Image style migration is an image processing method that renders the semantic content of an image in a different style [26]. Traditional non-parametric style migration methods can only perform texture synthesis by extracting low-level features (color, texture, etc.) of an image and cannot extract higher-level features of an image. Efros et al. [27] synthesized the target image by extracting and reorganizing texture samples; Hertzman et al. [28] transformed existing image styles to the target image by image analogy; Ashikhmin [29] transformed the high-frequency texture of the source image to the target image while preserving the coarse scale of the target image; Lee et al. [30] enhanced this algorithm by passing additional edge information. Although the traditional nonparametric methods achieve some results, they all have limitations: they only extract low-level features of the target image.

The neural network has excellent feature extraction ability and can capture rich semantic information, which is the foundation on which style migration relies. With algorithms such as DualGAN, CyCleGAN, Pix2Pix, and SSIM-GAN being proposed one by one, style migration techniques become mature. For example, the Multi-Content GAN [31] project at Berkeley’s BAIR Lab, in collaboration with Adobe in 2018, proposed a leave-one-out training method that uses only a small number of letters to generate mostly unseen letters and can replicate the colors and textures of the original samples. In 2019, Peking University and Adobe Research Institute proposed ShapeMatchingGAN [32], which achieves a more concise rendering of artistic letter styles. The network uses a bidirectional shape matching and forward or reverse structure migration strategy to train on just one user-specified style image and supports controllable text styles.

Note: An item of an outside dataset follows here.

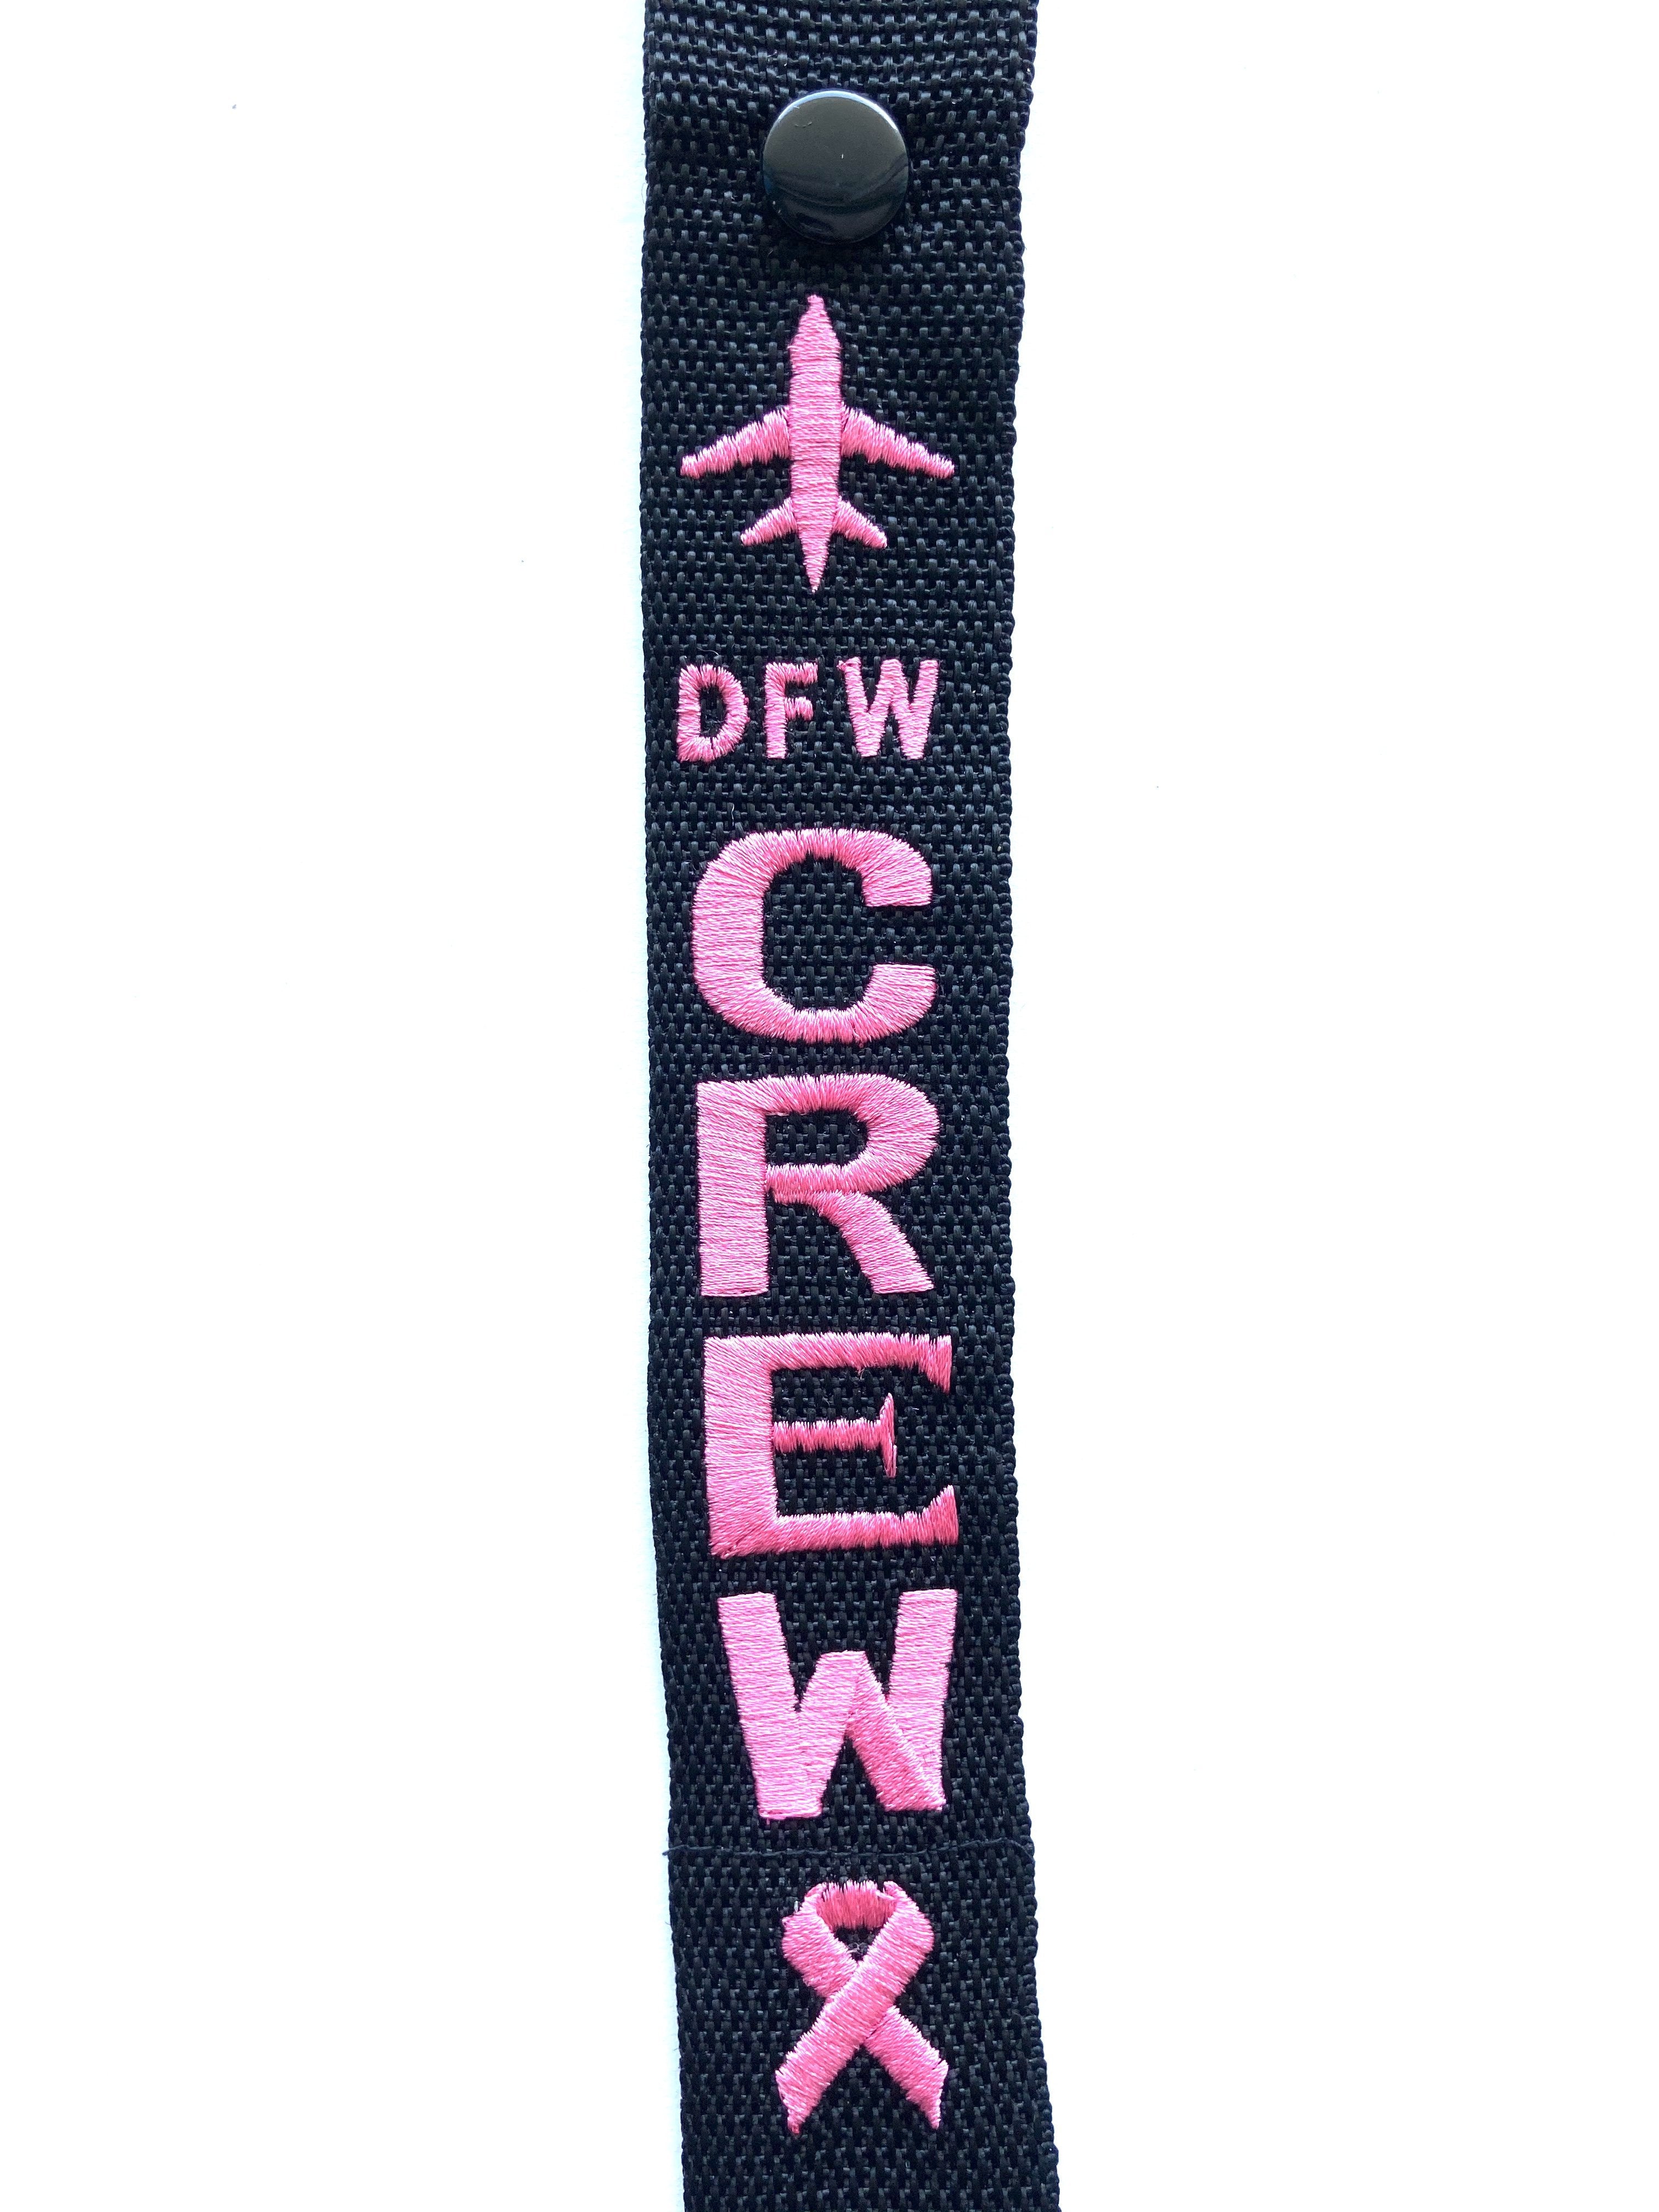 CREW Luggage Tag - DFW Pink &

The first publicly available parking space dataset, PS2.0, contains only six types of parking spaces: “indoor”, “outdoor daylight”, “outdoor street light”, “outdoor shade”, “outdoor rain”, and “tilt”, followed by the subsequent public PSV parking dataset, which only classifies the status of parking spaces in PS2.0. The second and subsequent publicly available PSV parking datasets only classify the status of parking spaces in PS2.0. Neither of these datasets includes data on parking spaces in complex and extreme environments. Therefore, to increase the diversity of the parking space dataset, the idea of style migration is used to process the images.

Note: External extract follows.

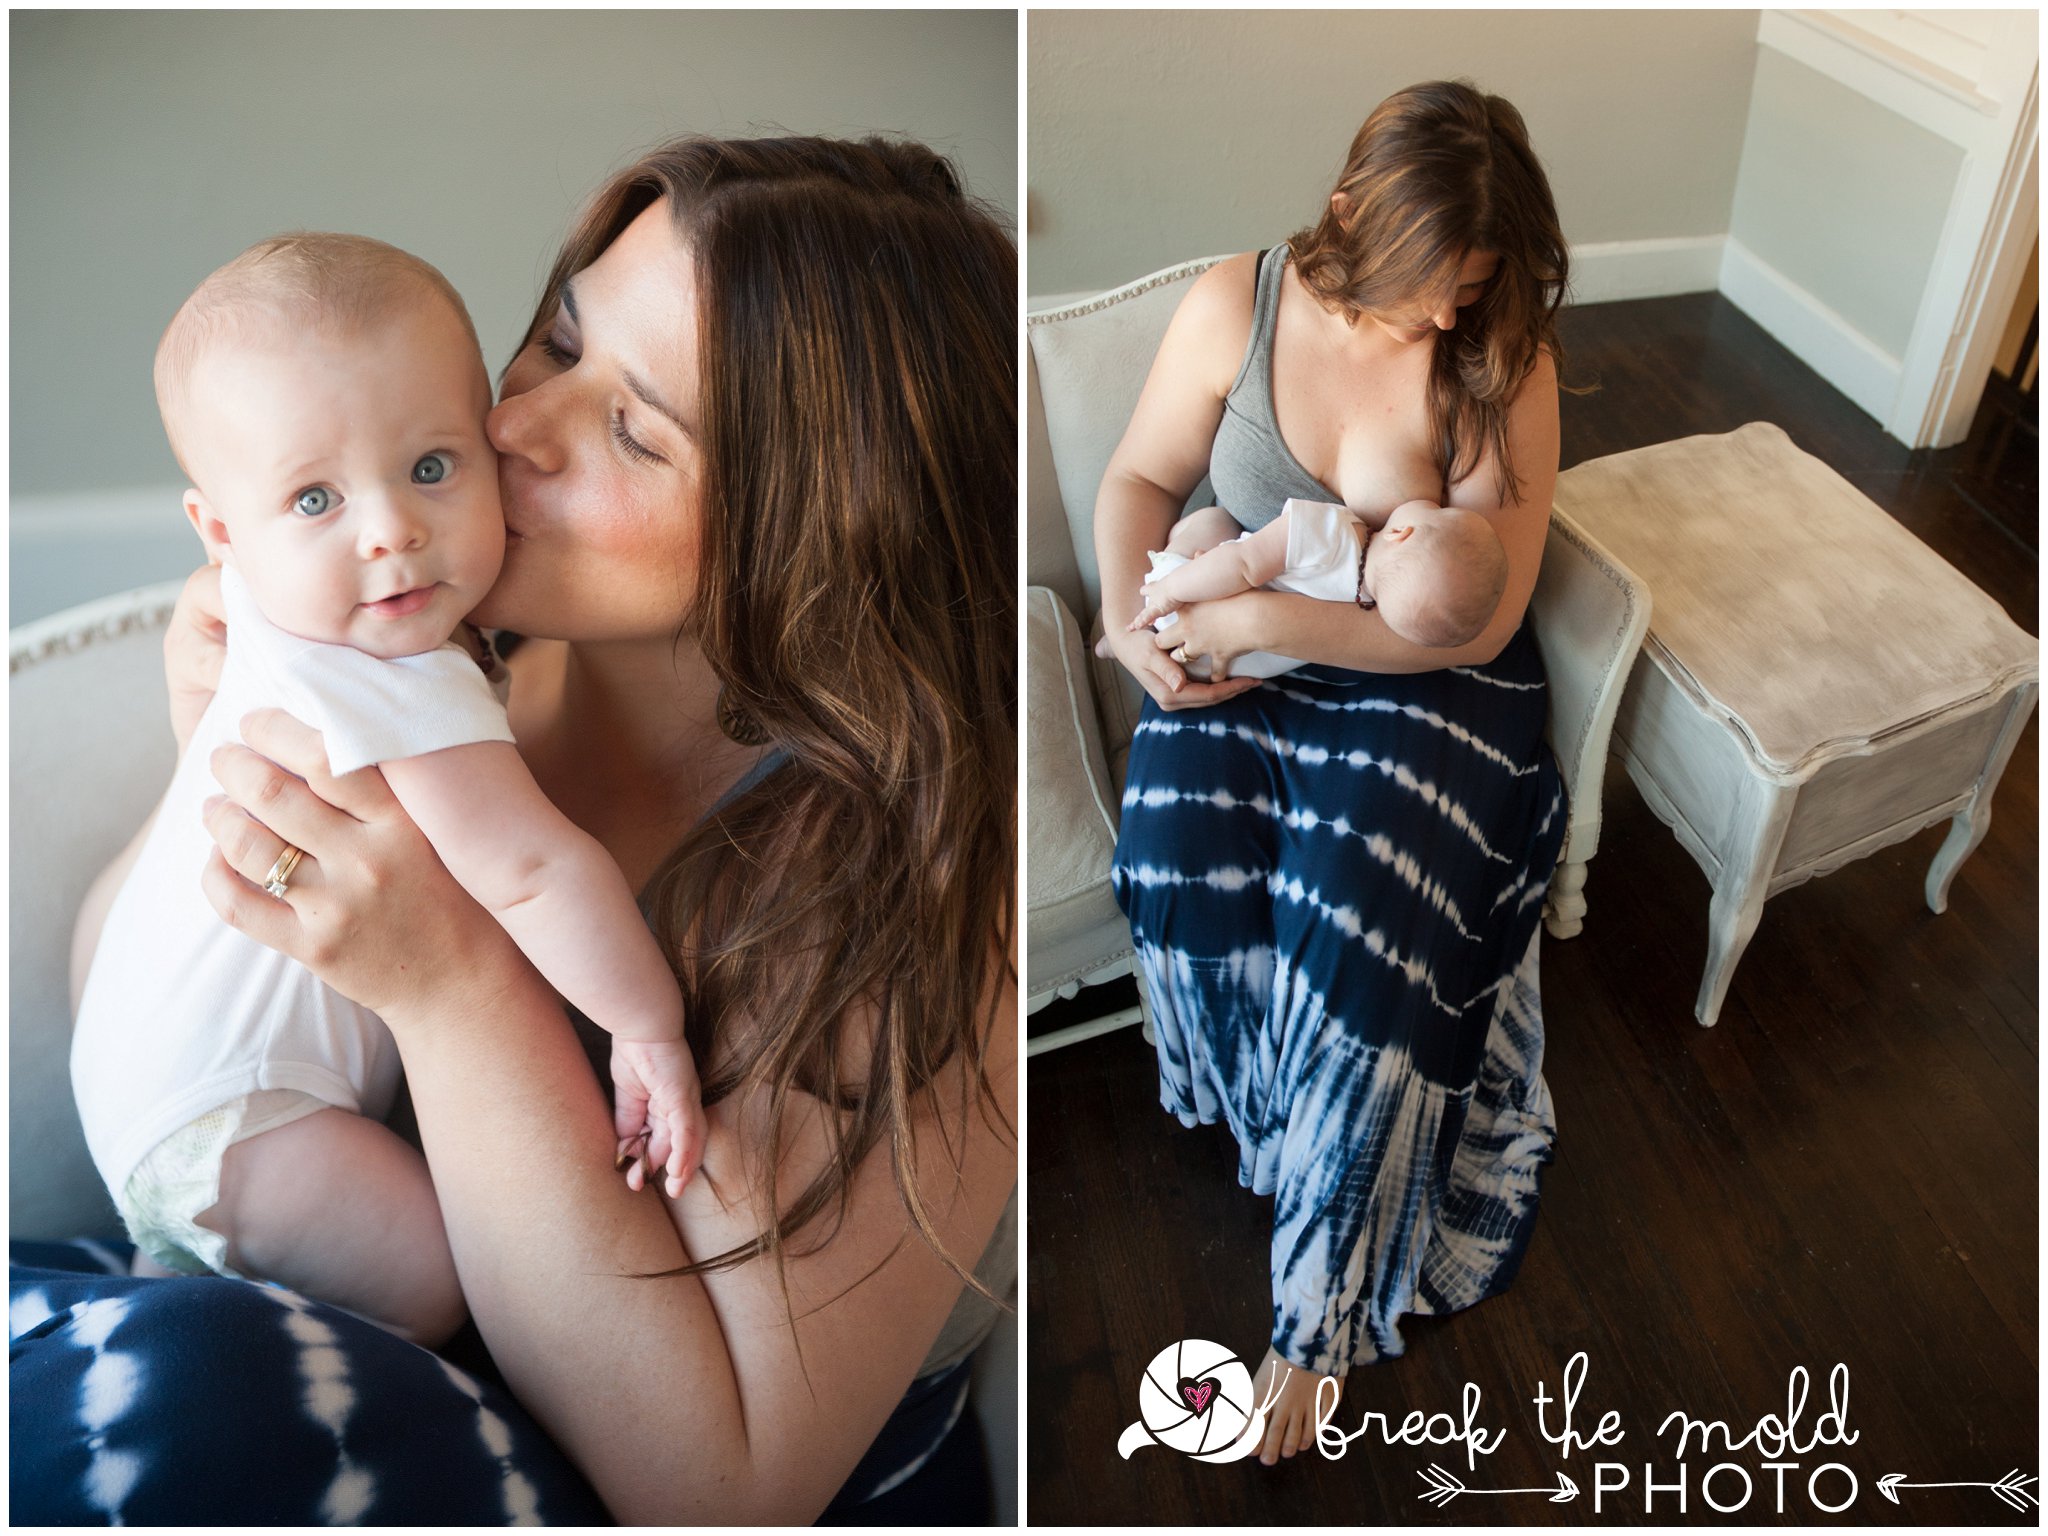 break-the-mold-photo-nursing-body-love-baby-pregnant-women-powerful-breastfeeding-sessions_7239.jpg

For the algorithm, the choice is made to use the LapStyle [33] algorithm in PaddleGAN. The algorithm first transmits a low-resolution global style pattern through the drawing network and then performs high-resolution correction of local details through the correction network. The correction network generates residual images using the draft and Laplace-filtered extracted image textures. By stacking multiple correction networks and Laplace pyramid levels, higher-resolution details can be generated more easily. Ultimately, the stylized image is obtained by aggregating the output of all pyramid levels.

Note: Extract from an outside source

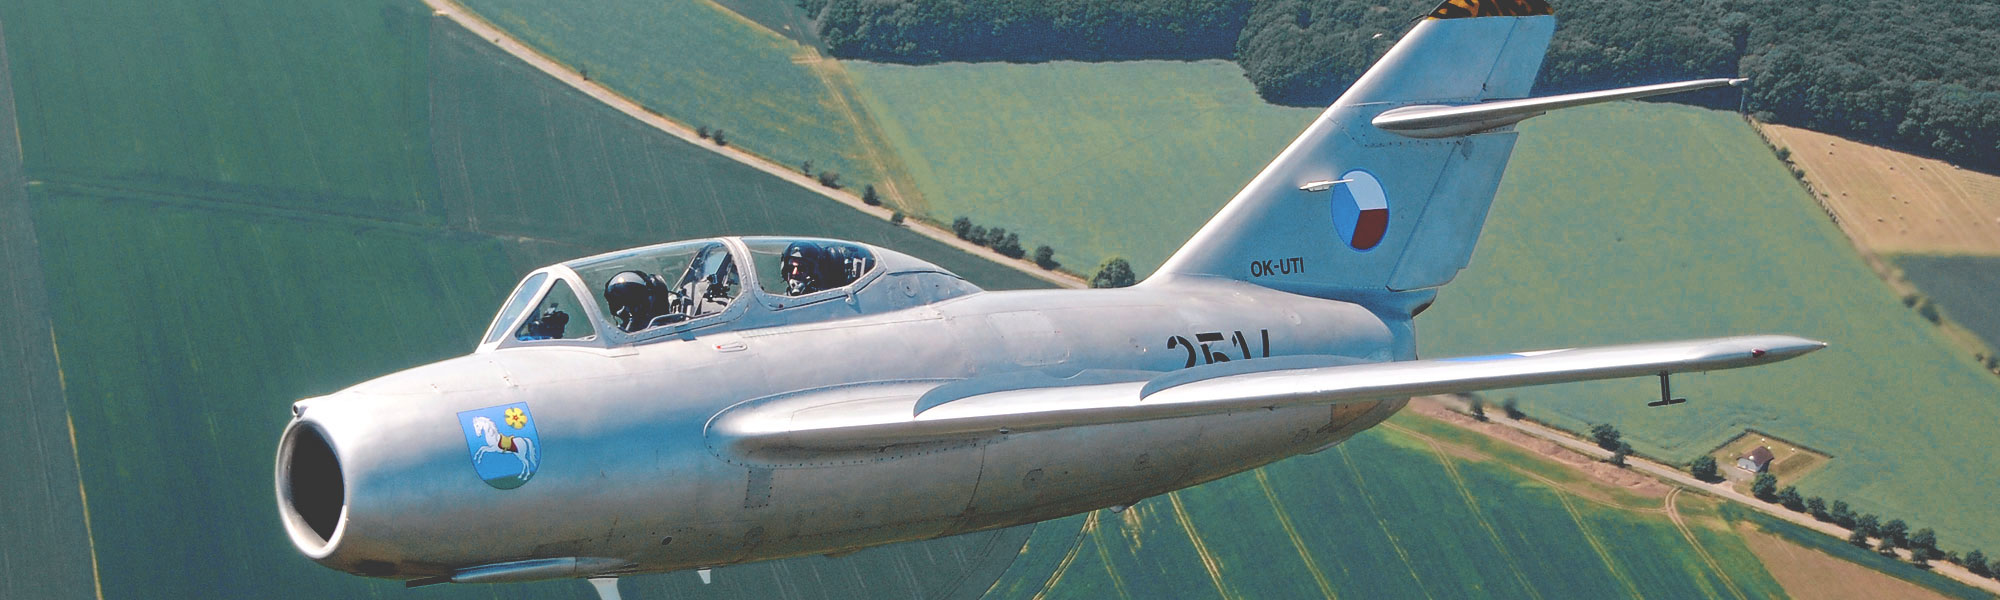 MiG-15 Fagot - Jet Warbird Legende

Figure 2 illustrates the flow of the LapStyle algorithm, where L, C, and A represent Laplace, connection, and aggregation operations.

First, the Drafting Network is utilized to transfer low-resolution global style patterns. This network fuses the original image and the style image in low-resolution mode and transmits the fusion result to the Revision Network after 2× upsampling. In the Revision Network, we use high resolution for continuous correction. Finally, the corrected image is operated with the low-resolution fused image for aggregation to generate a fused image with true style. The algorithmic design was inspired by the SANet [34] network algorithm. In the LapStyle structure, it is planned to include a style-focused module. The style attention module is a module commonly used for computer vision tasks that can guide the neural network to pay more attention to the style information of images, thus improving the performance and effectiveness of the model.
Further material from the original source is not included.